An object of the present disclosure is to provide for a spatial audio processing system comprising an environmental and physical model of an acoustic space as a waveguide and an adaptive whitening filter that are then used to process the audio input. In accordance with certain embodiments, both direct and indirect propagation paths between a target source and a transducer array, as well as modes and other aspects of the space, are incorporated into the model.
An object of the present disclosure is to provide for a spatial audio processing system that enables model parameters to be estimated, stored, retrieved, and used at a later time in an acoustic environment where the gross reflective parameters of the space and the locations of the array and target source(s) have not changed significantly. In addition, the model parameters can be adapted as they change. Furthermore, this disclosure enables the detection and location of new sources that enter the acoustic space. This is accomplished by correlating the signals received by the array with the Green's Functions already modeled for each hypothetical sound source location in the space.
An object of the present disclosure is to provide for a spatial audio processing system that provides for significant separation of target sources even when there are fewer microphones than real and virtual (i.e., reflected images of) noise sources (i.e., the under-determined mathematically case). In accordance with certain embodiments, the spatial audio processing system provides enhancement to target sounds emanating from a point source and reduction of non-desired sounds emanating from elsewhere than the targeted point source location, rather than filtering an audio input solely based on a sound wave's direction of arrival (i.e., along or within a “beam” as a conventional beamformer does). In accordance with certain embodiments, the system may provide for 15 dB (decibels) or more of additional signal-to-noise ratio (SNR) improvement compared to prior art beamforming techniques, while using far fewer transducers.
An object of the present disclosure is to provide for a spatial audio processing system that does not require knowledge of the array configuration, location, or orientation for improving SNR, regardless of whether the array transducers are co-located or distributed around an acoustic space (unless the particular application specifically requires visualizing or otherwise reporting the relative or absolute location of sound sources).

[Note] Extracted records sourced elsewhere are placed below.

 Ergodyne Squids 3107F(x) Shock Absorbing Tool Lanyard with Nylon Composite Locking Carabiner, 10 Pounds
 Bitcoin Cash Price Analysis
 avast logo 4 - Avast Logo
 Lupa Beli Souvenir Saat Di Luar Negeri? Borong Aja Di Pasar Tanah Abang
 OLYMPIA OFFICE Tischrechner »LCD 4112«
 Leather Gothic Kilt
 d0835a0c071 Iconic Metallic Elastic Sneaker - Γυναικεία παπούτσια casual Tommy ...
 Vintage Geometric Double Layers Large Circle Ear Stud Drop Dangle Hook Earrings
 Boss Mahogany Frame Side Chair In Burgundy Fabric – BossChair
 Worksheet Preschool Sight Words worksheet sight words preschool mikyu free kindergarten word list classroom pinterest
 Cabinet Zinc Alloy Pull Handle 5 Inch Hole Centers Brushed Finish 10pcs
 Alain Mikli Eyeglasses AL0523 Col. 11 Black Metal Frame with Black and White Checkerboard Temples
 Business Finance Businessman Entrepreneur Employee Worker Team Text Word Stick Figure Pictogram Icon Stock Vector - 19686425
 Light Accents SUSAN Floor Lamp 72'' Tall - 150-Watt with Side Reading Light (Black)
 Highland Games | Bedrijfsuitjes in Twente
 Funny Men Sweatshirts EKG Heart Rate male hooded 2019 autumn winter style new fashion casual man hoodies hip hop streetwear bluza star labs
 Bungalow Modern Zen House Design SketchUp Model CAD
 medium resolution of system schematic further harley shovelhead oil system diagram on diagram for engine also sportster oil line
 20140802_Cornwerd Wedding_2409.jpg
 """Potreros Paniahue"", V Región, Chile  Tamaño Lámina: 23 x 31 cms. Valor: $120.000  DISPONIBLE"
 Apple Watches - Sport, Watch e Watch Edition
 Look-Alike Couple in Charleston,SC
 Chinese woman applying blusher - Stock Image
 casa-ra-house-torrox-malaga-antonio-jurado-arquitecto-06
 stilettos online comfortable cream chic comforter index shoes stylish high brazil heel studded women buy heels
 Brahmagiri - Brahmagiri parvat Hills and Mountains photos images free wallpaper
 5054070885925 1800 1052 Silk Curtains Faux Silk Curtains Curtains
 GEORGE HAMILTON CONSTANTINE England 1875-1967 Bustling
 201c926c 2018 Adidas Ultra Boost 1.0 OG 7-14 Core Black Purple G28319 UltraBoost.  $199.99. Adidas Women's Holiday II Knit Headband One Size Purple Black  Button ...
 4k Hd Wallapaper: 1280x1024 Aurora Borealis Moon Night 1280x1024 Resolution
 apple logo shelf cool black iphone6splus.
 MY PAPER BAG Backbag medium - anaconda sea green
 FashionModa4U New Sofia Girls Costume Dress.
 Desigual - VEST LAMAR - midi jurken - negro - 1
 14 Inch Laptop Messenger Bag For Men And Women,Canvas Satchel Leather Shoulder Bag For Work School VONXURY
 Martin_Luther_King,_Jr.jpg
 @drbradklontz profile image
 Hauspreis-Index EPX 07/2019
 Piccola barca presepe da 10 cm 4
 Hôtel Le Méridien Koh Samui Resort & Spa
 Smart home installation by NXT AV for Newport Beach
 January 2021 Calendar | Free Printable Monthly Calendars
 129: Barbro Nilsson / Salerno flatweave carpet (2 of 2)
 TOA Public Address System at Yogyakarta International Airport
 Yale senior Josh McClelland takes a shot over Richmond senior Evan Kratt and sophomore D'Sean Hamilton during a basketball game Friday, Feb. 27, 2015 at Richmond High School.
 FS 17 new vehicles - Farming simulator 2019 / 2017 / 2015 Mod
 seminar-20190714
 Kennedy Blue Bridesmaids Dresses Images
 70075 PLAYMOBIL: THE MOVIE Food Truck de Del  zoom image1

Specific embodiments of the present disclosure provide for a spatial audio processing system that employs short “glimpses” of sound that originate from a target source location to derive propagation characteristics of sounds from that location, and from the sounds captured by the transducer array extracts the sound that emanated from the target source location by discriminating all audio inputs according to the propagation characteristics of the target source location, with the overall effect of significantly reducing any and all sounds that emanated from a location other than the glimpsed one. The embodiment allows a plurality of locations in the same acoustic space to be so modeled simultaneously or sequentially using this system and method. According to certain embodiments, any arbitrary sound can be used for training in the same band of audio frequencies, even if the sound is not used in its entirety, such as when interferers are too loud relative to the target sound for modeling. The glimpse can instead be assembled from sounds sampled at various points in a time stream as long as the physical locations of the array and point source have not changed significantly. In accordance with certain preferred embodiments, the system utilizes an accumulation of approximately two seconds of accumulated glimpsing of sound from a target source location, though more glimpses of sound can be used to improve performance in many situations. In accordance with certain embodiments, model parameters (including the Green's Function parameters) can be filtered to weight stronger components over weaker ones to improve measurements that contain sounds from other (non-desired) locations.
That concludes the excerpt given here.